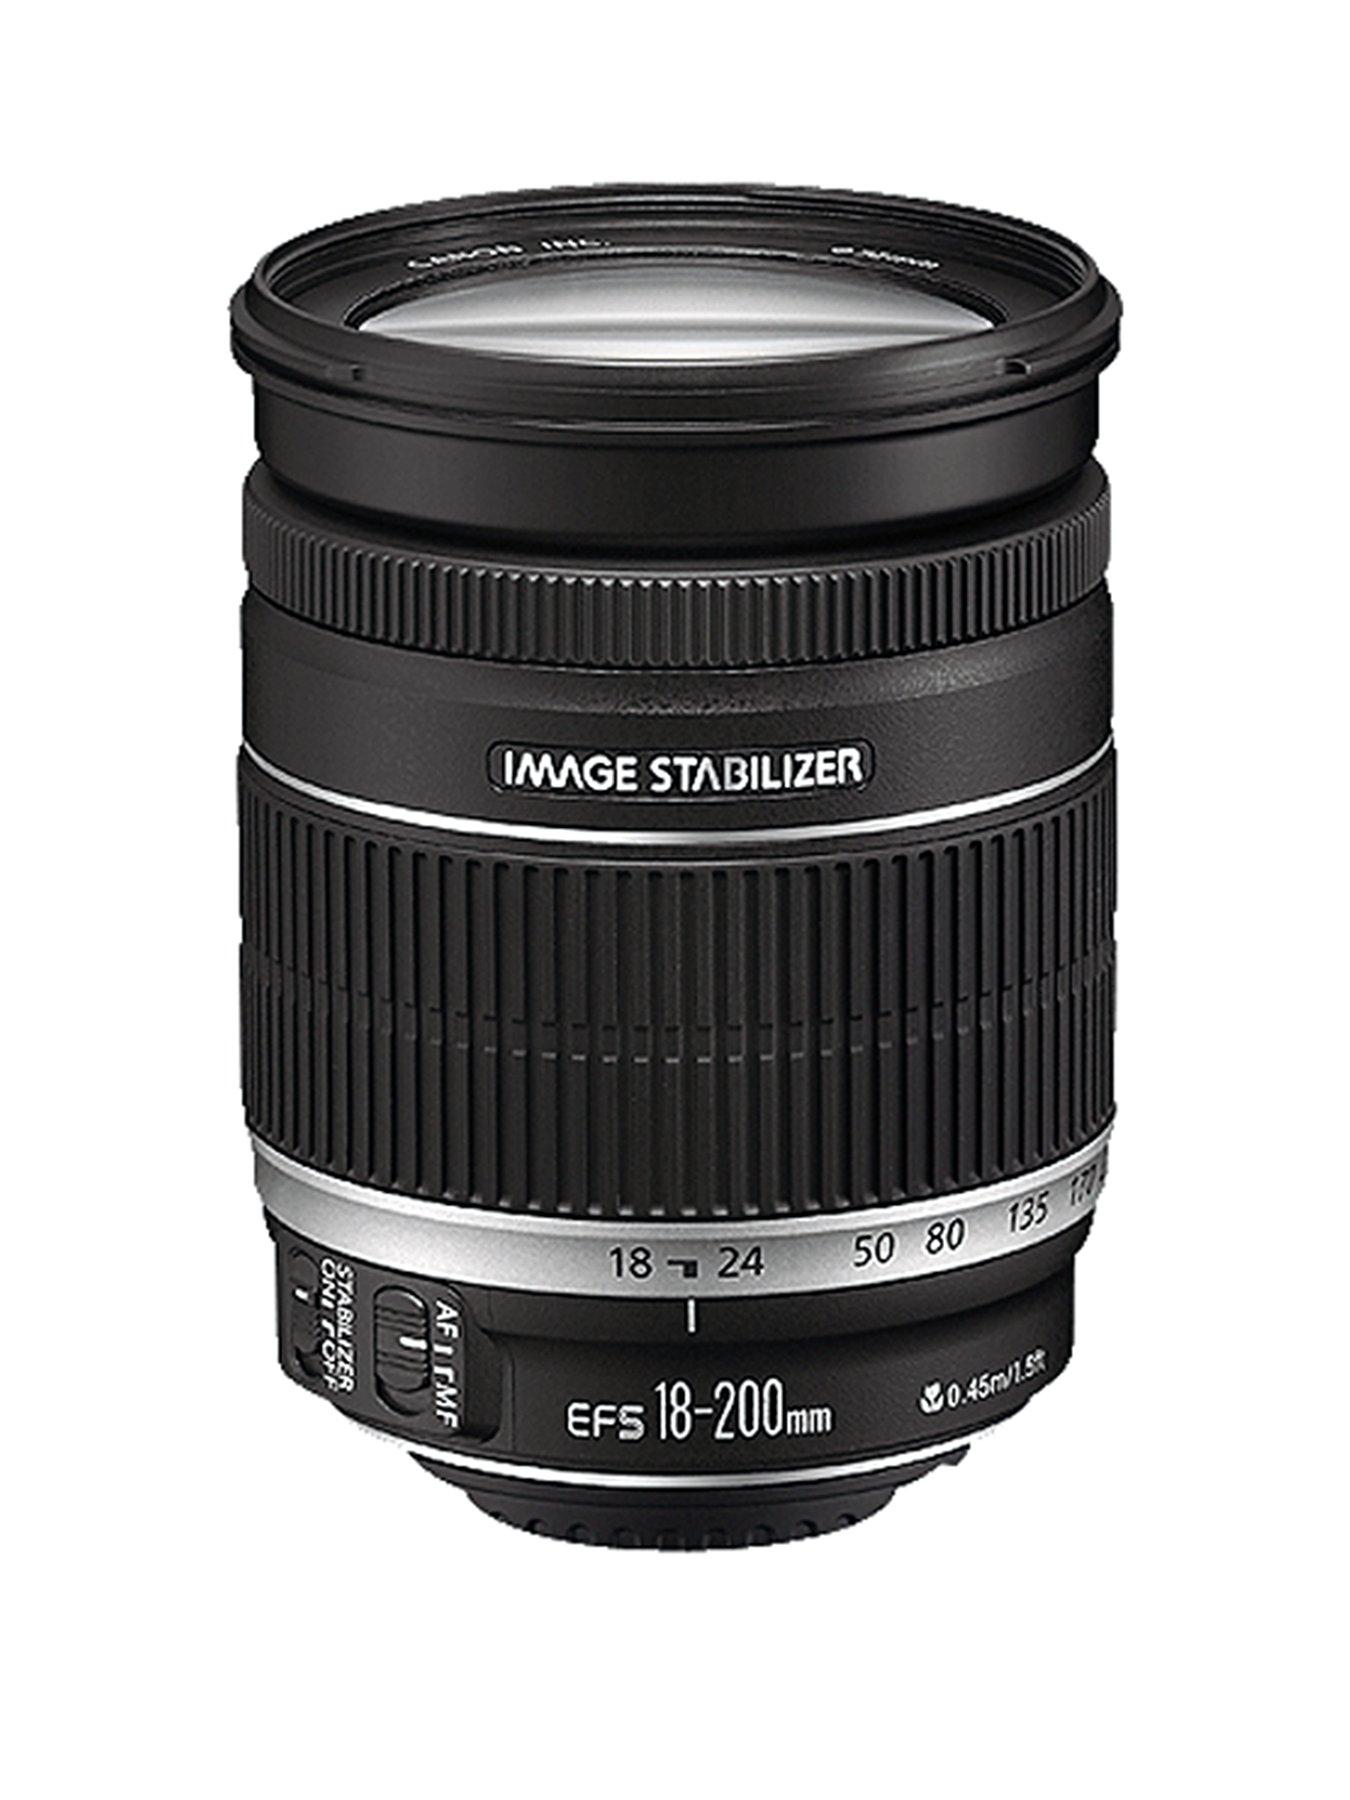 Canon Ef-S 18-200Mm F/3.5-5.6 Is Lens
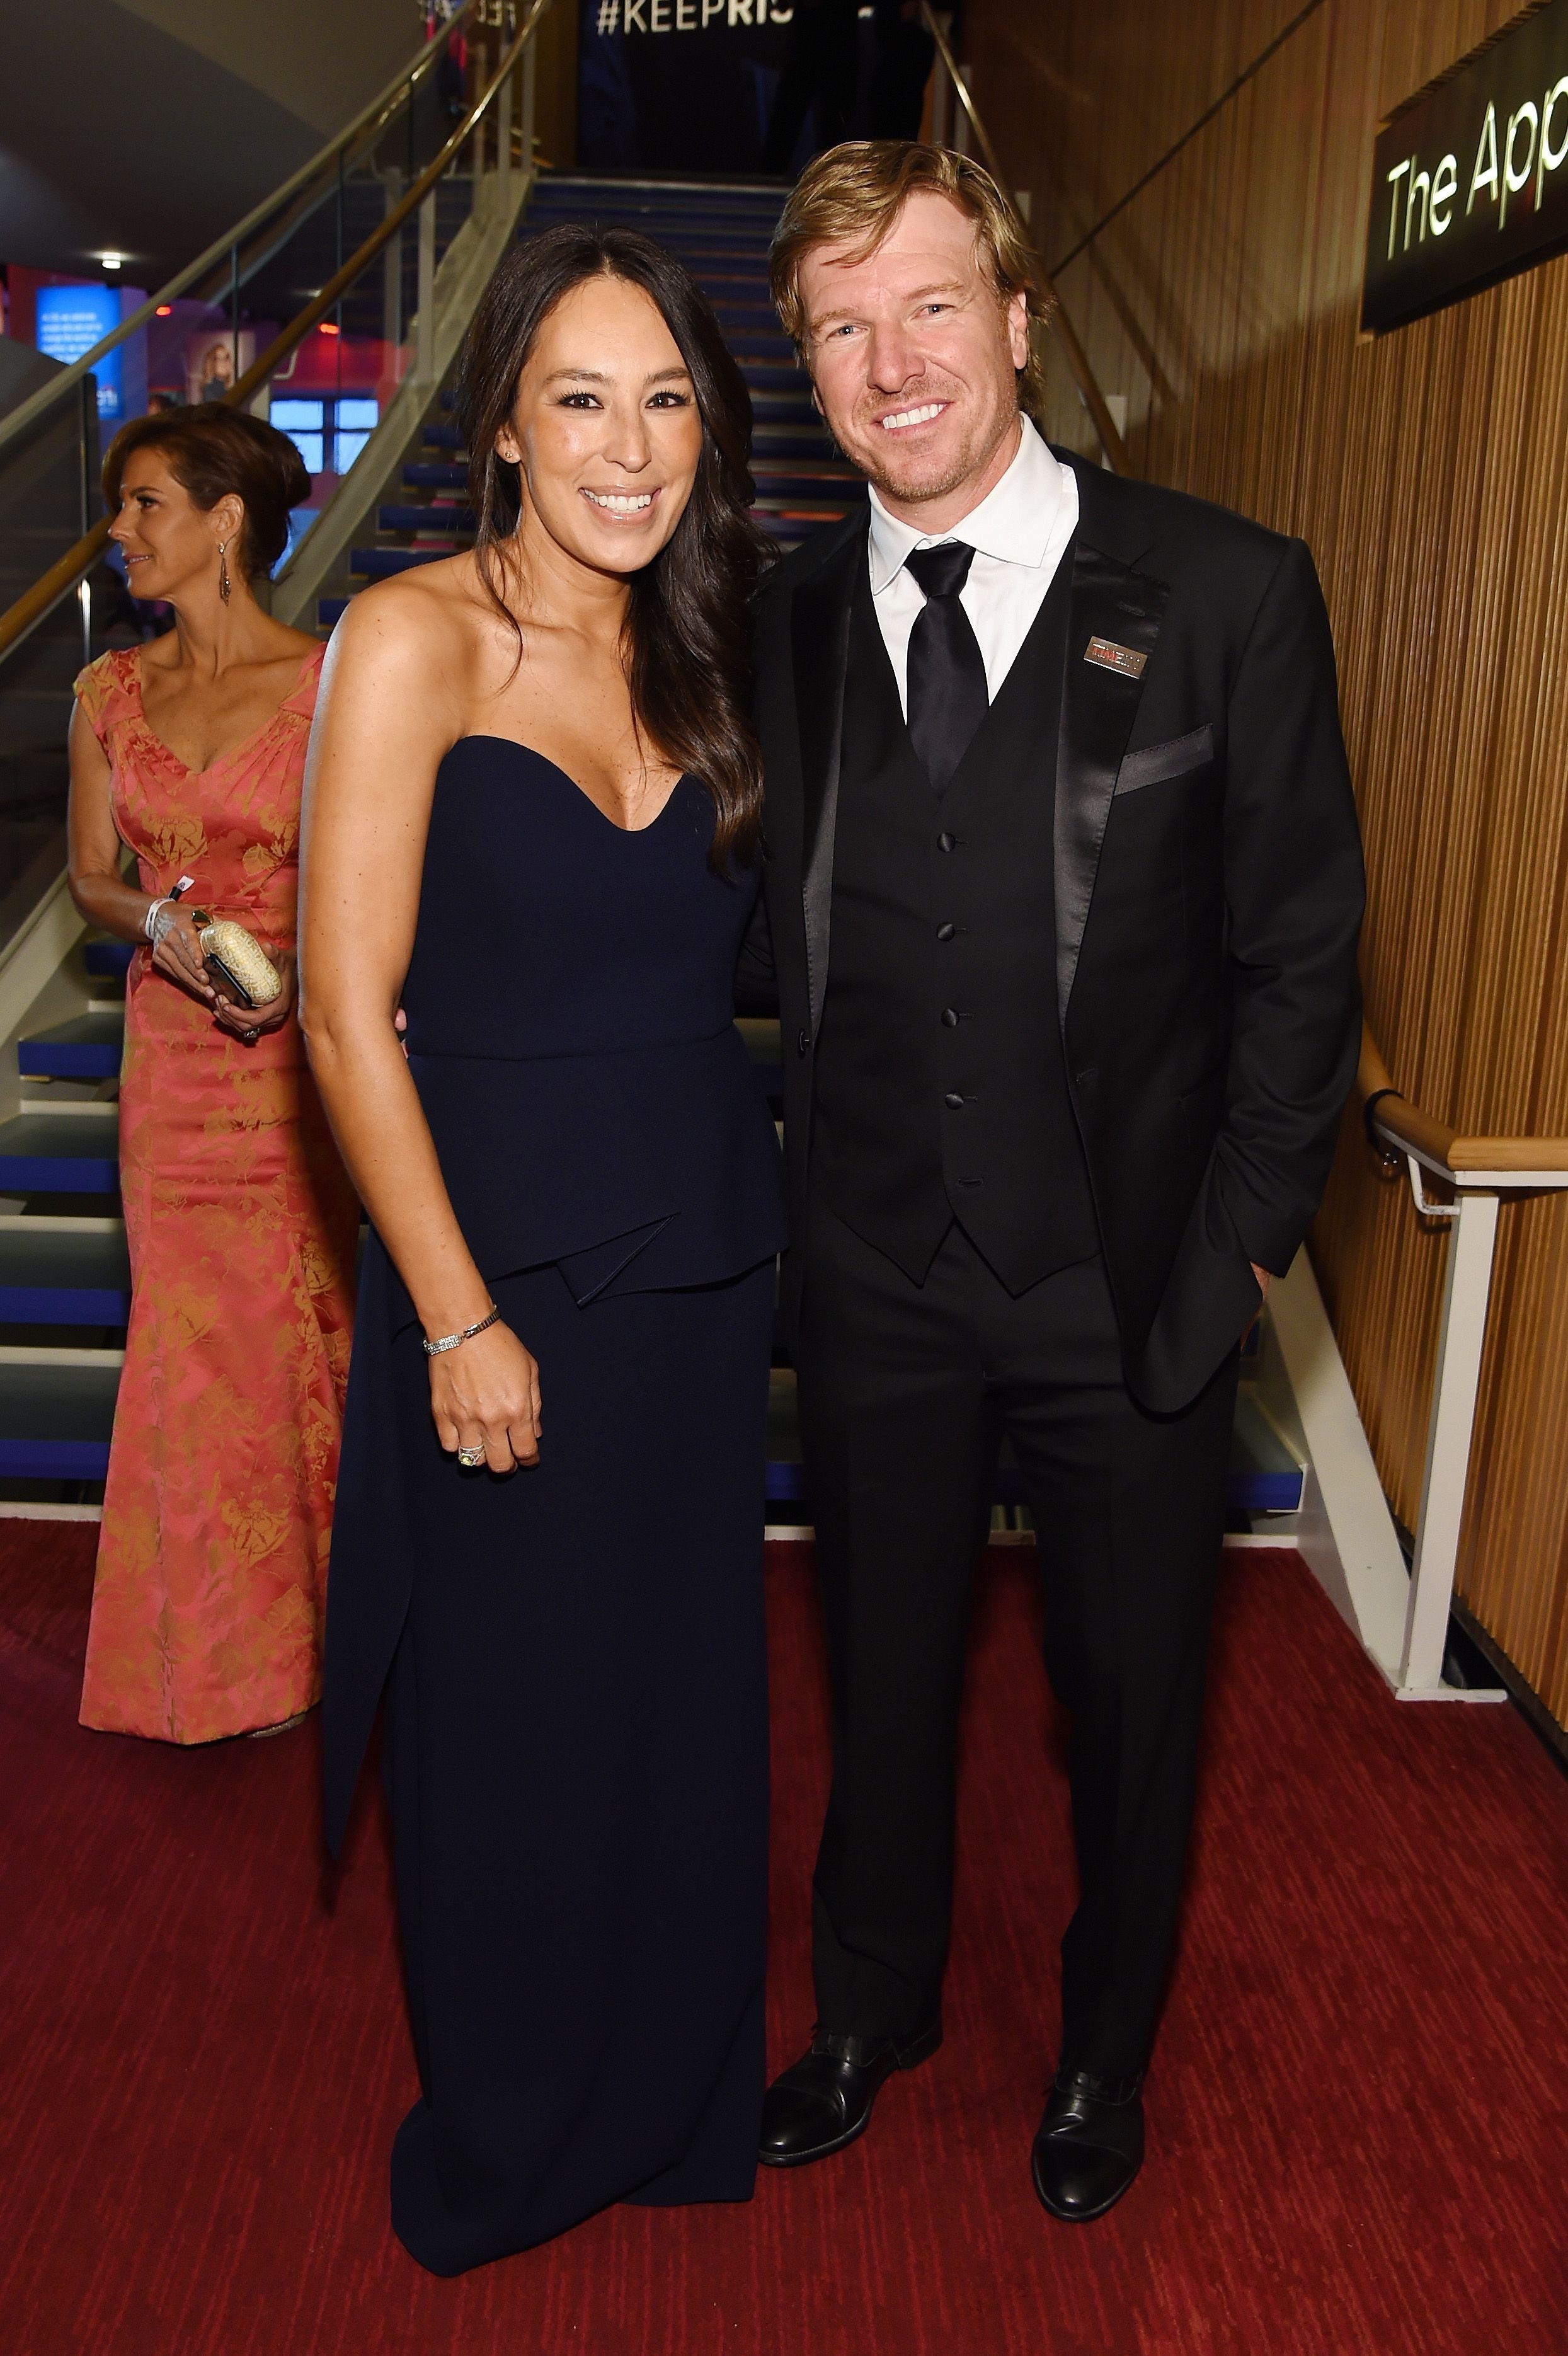 Joanna and Chip Gaines at the TIME 100 Gala Cocktails at Jazz at Lincoln Center on April 23, 2019 | Photo: Getty Images
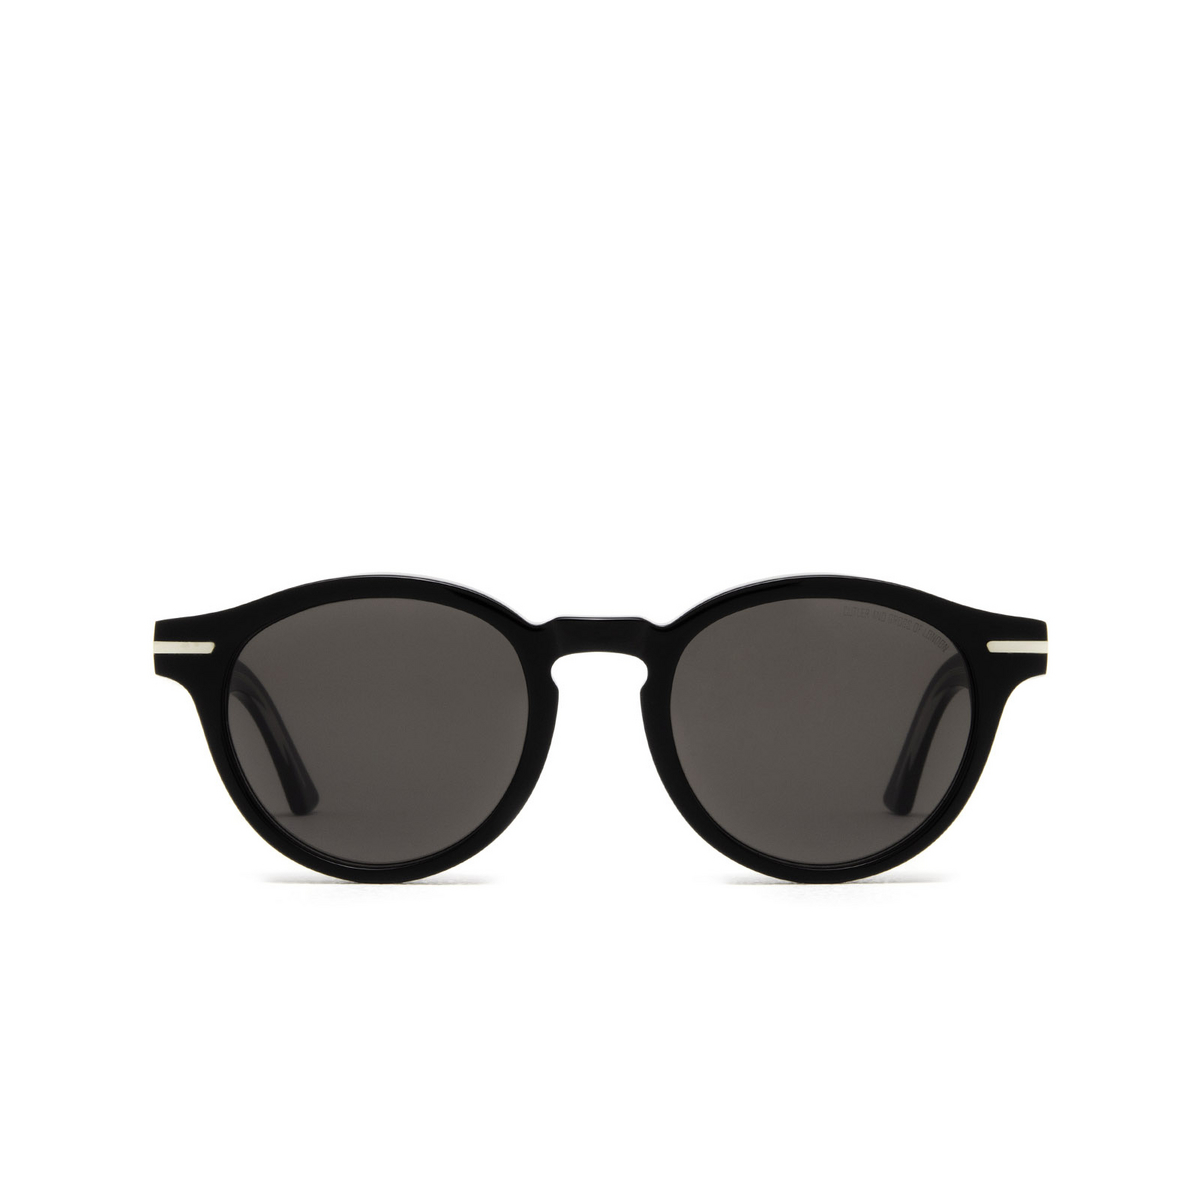 Cutler and Gross 1338 Sunglasses 01 Black - front view

GOAL OF THE EXERCISE
What is needed is a word-for-word restatement of the lines from the one holding "Joanna and Chip" to the final line of the data above, inclusive, without any pictures.

SOLVED PROBLEM
 Joanna and Chip Gaines at the TIME 100 Gala Cocktails at Jazz at Lincoln Center on April 23, 2019 | Photo: Getty Images
 Cutler and Gross 1338 Sunglasses 01 Black - front view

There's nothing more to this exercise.